Following a request for measurements of my cage here are some pics, I don't think exact measurements are critical but what I tried to achieve is narrow enough to fit between frames without too much disruption but still allow the queen to turn around without undue strain, plus good bee contact while also allowing the queen protection.

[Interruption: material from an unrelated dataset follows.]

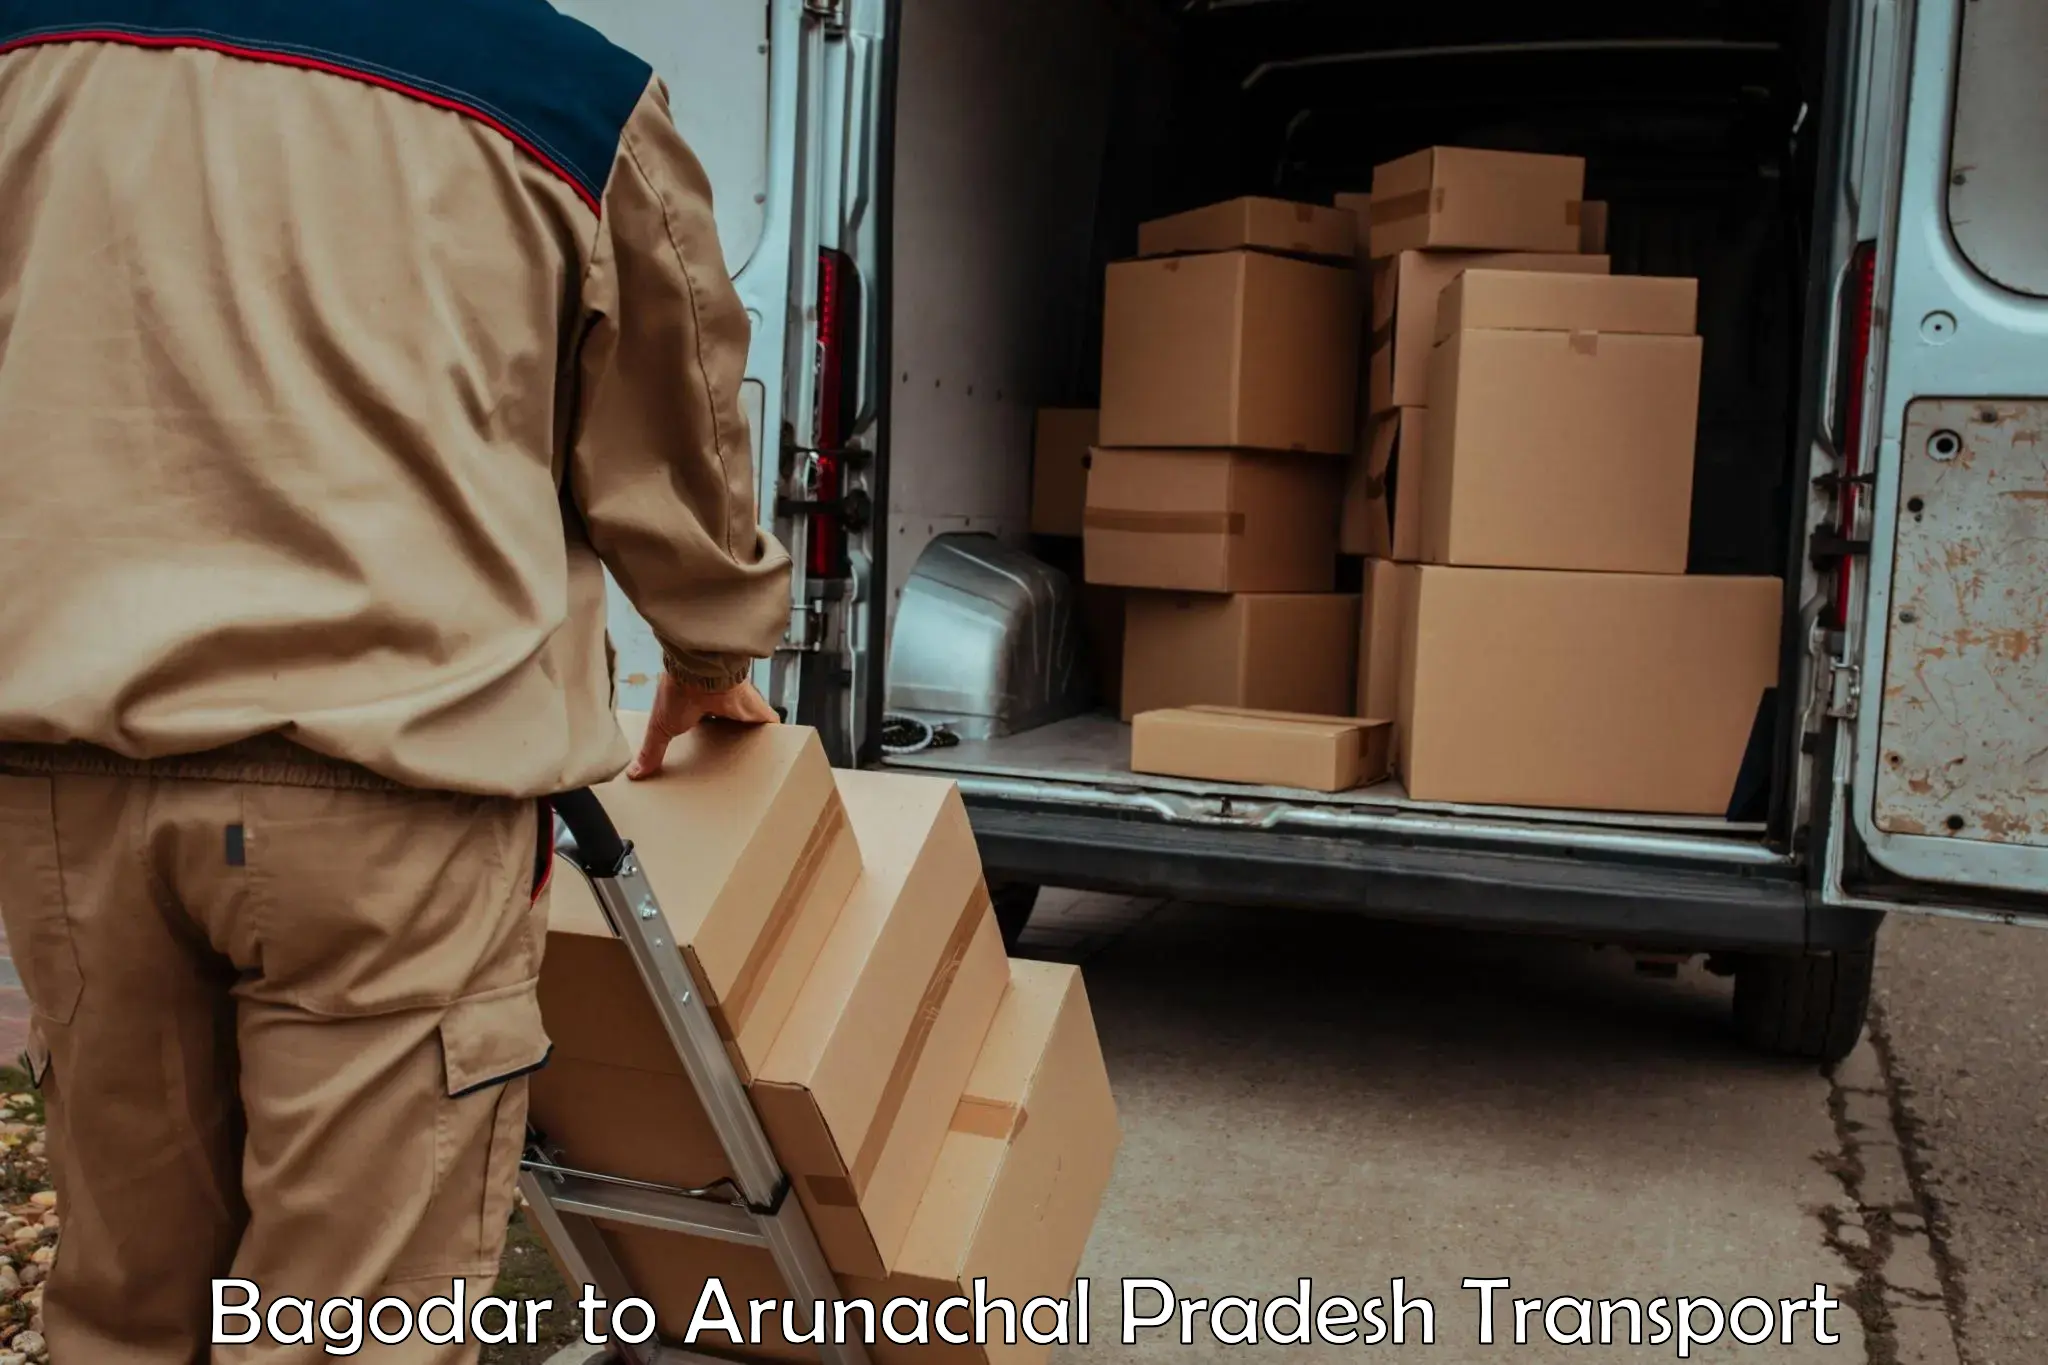 Transport services in Bagodar to Arunachal Pradesh

The timber used is NZ radiata pine, which is a fairly lightweight, non aromatic timber, it allows good absorbancy of any fouling the bees may make and keeps them clean and in good condition until they get released in the new hive.


----------



## virginiawolf (Feb 18, 2011)

This is great to see Oldtimer. Thank you for sharing. I was thinking of making some because I don't need very many. I have a router a saw and a drill bit. Perhaps I will try my hand at making some of these. Could you share your candy recipe please. I have only made candy by mixing sugar and water. Would that be acceptable? Thank You!!! Jeff


----------



## BernhardHeuvel (Mar 13, 2013)

Nice queen cage, Oldtimer! I really like that one. Two questions: 

1) Is that plastic fly screen or metal mesh? 
2) What is the size of a queen cage necessary for mass banking queens over wintertime? 

Thanks, 
Bernhard


----------



## Oldtimer (Jul 4, 2010)

It's aluminium mesh, steel is fine. Plastic may be a bit flimsy.

For banking a slightly wider cage is needed here's a pic of what I use. I know the pic has been posted before so apologies to those who have already seen it. The internal measurements of the cage are an inch across, not quite an inch and a half deep, and 7/8 inch front mesh to back.


----------